An important measure in the features extractors comparison is a number of descriptors computed for each image, or average number of features per image. The average numbers of features can be easily obtained using:
numDescriptors = cat(1,info(:).numDescriptors);
numQueryDescriptors = cat(1,info(:).numQueryDescriptors);
avgDescsNum(1,:) = mean(numDescriptors,2);
avgDescsNum(2,:) = mean(numQueryDescriptors,2);
It can be seen that the selected set of feature extractors produce similar number of features with the selected settings:
VLF-heslap VLF-harlap VLF-SIFT Avg. #Descs. 1803.822 1678.195 1843.202 Avg. #Query Descs. 892.582 869.255 853.582
To get better insight where the extractors differ, we can plot the APs per
each query. These values are also contained in the info
structure. For example the APs for the first
15 queries can be visualised by:
queriesAp = cat(1,info(:).queriesAp); % Values from struct to single array
selectedQAps = queriesAp(:,1:15); % Pick only first 15 queries
bar(selectedQAps');
As you can see there are big differences between the queries. For example query number 8 as it is a query where the SIFT feature extractor gets much worse than other algorithms. Let's investigate the query number 8 in more detail. In the first step, we can show the precision recall curves.
Precision recall curves
The precision-recall curves are not part of the results but they can be
easily calculated using the RetrievalBenchmark.rankedListAp(query,
rankedList)
static method.
queryNum = 8;
query = dataset.getQuery(queryNum);
for d=1:numel(featExtractors)
% AP is calculated only based on the ranked list of retrieved images
rankedList = rankedLists{d}(:,queryNum);
[ap recall(:,d) precision(:,d)] = ...
retBenchmark.rankedListAp(query, rankedList);
end
% Plot the curves
plot(recall, precision,'LineWidth',2);
In this graph it can be seen that a VLF-SIFT (DoG + SIFT descriptor) achieved lower AP score because one of the first ranked images is wrong, therefore the area under the precision recall curve shrinks significantly.

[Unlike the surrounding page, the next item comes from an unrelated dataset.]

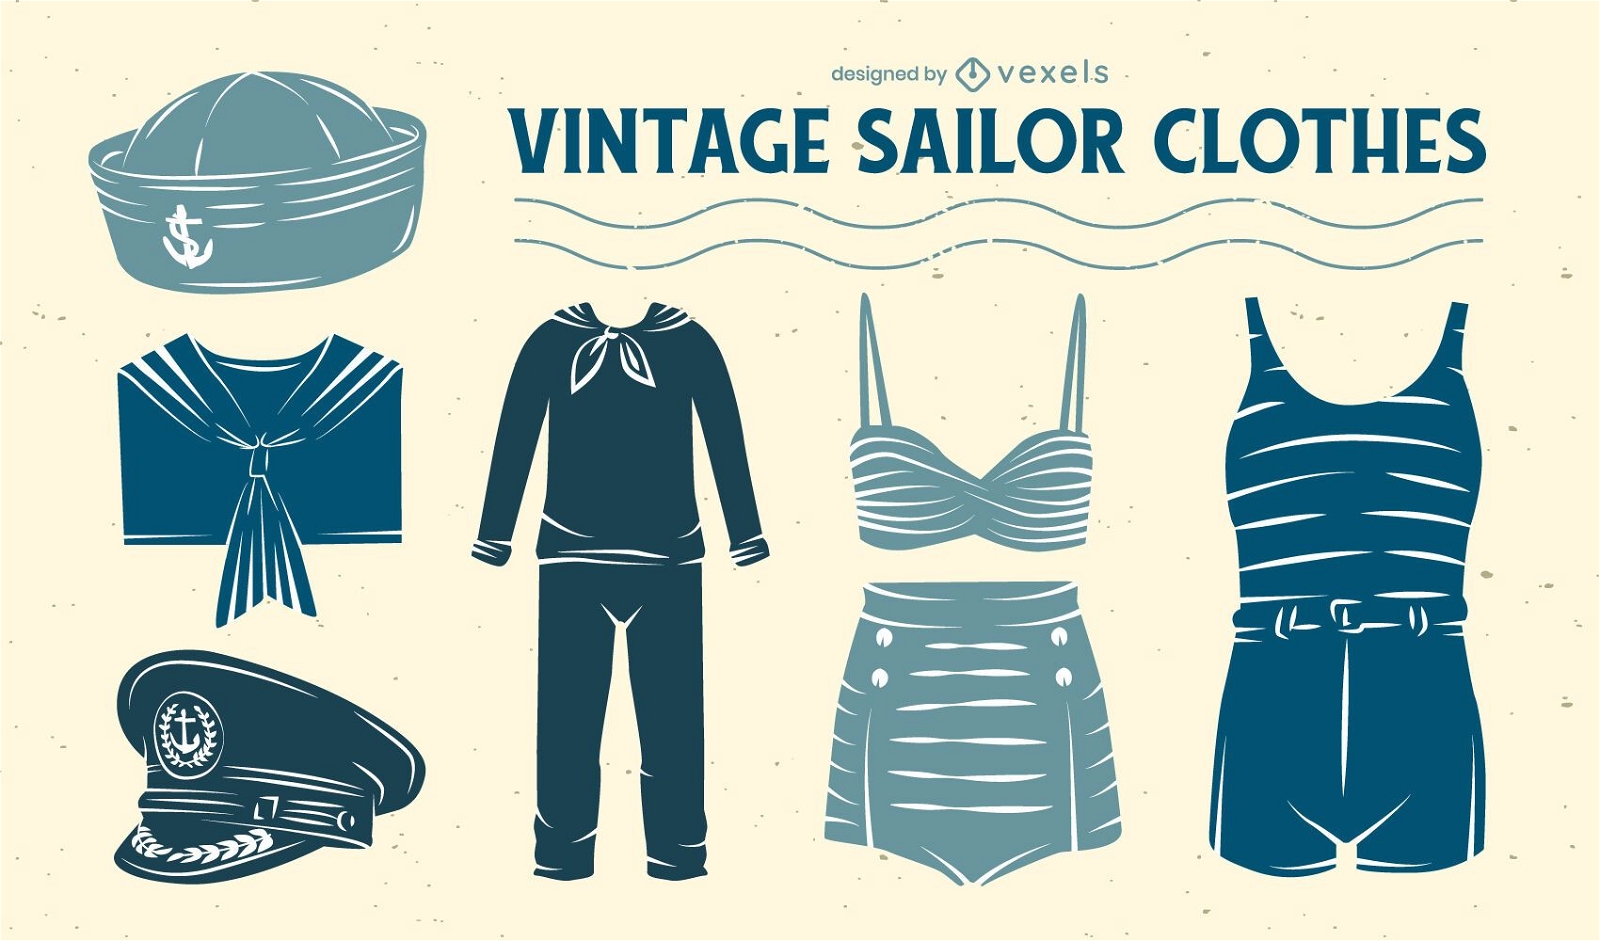 Conjunto de roupas de uniforme de marinheiro estilo vintage

We can check it by showing the retrieved images.
Retrieved images
The indices of the retrieved images are stored in
info.rankedList
field. It contains indices of all dataset images
sorted by the voting score of each image. The details of the voting scheme can
be found in the help string of the retrieval benchmark class or in [1].
To asses the performance of the feature extractor, let's inspect the query number 8.
image(imread(dataset.getImagePath(query.imageId)));
% Convert query rectangle [xmin ymin xmax ymax] to [x y w h]
box = [query.box(1:2);query.box(3:4) - query.box(1:2)];
rectangle('Position',box,'LineWidth',2,'EdgeColor','y');
Having the ranked list we can show the retrieved images for all feature extractors.
rankedLists = {info(:).rankedList}; % Ranked list of the retrieved images
numViewedImages = 20;
for ri = 1:numViewedImages
% The first image is the query image itself
imgId = rankedList(ri+1);
imgPath = dataset.getImagePath(imgId);
subplot(5,numViewedImages/5,ri);
subimage(imread(imgPath));
end
Images retrieved by the VLFeat Hessian Laplace:
Image retrieved by the VLFeat Harris Laplace:
And finally, images retrieved by the VLFeat SIFT:
Observe that indeed the image ranked as the second is wrong for the VLF- SIFT feature extractor, consequently reducing its AP.
References
- H. Jegou, M. Douze, and C. Schmid. Exploiting descriptor distances for precise image search. Technical Report 7656, INRIA, 2011.